As a result, Aramark suspended and eventually fired Downstein’s General Manager of Operations Tim Hoben. In May, Hoben sued the university and Aramark for wrongful termination. The lawsuit is ongoing, and in a New York Magazine profile, Hoben said that he believed Aramark scapegoated him.

“In my opinion, someone was trying to cover their own butt at some point,” Hoben said to New York Magazine.

A year later, some students still feel confused by what happened and how the university and Aramark handled the situation.

Tisch sophomore Owen O’Leary was at Weinstein on the day of the incident and was surprised by NYU Dining’s choice to put out the meal.

“Everyone was shocked,” O’Leary said. “Everyone was tweeting at NYU Dining, but no one was responding. I also saw it in Teen Vogue and have heard nothing from NYU about it. I also didn’t know that they were even evaluating or changing the [food service provider].”

Tisch junior Aarlene Vielot didn’t see the meal as unexpected, but hopes NYU replaces Aramark in the bidding process.

“I wasn’t surprised,” Vielot said. “NYU is not the most racially sensitive university and they pull many little stunts like that. I was surprised that many people were surprised. I think it just goes to show that NYU needs more people making these decisions. Aramark has been slipping, so they should be replaced.”

Liberal Studies first-year Nasya Miles heard of the situation after she was admitted to the university last year.

“I thought that NYU was really socially aware, but then I got here, and the longer I stay here, the less it surprises me that something like this happened,” Miles said. “It has to be a team behind [the meal], curating it. They all sat there and thought it was an OK idea. You could see the menu online, and no one saw it before. I don’t believe that.”

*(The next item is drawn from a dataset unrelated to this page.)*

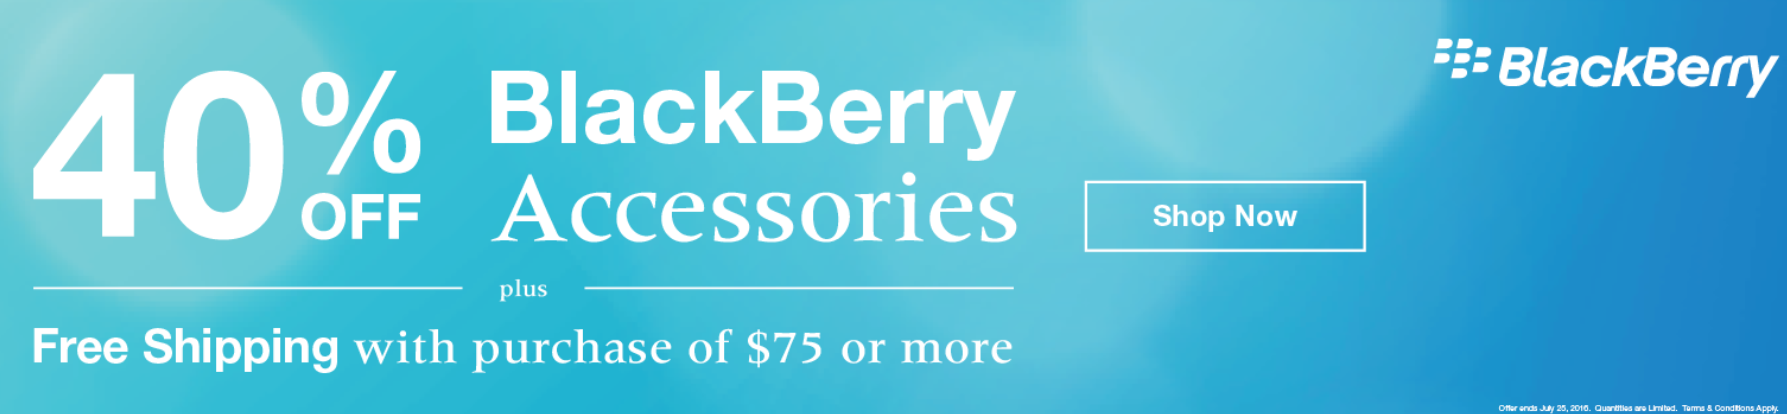 Take 40% off the price of BlackBerry accessories from the manufacturer's on-line store - Take 40% off BlackBerry accessories from now through Monday July 25th

In the months following the incident, student activists have protested Aramark’s ties to federal and private prisons as well as the bidding process for NYU’s next service provider, which is currently between Aramark and Compass Group. In December, the two providers made their presentations to the bidding committee, and the the group is on track to give its input to a recommendation committee by March.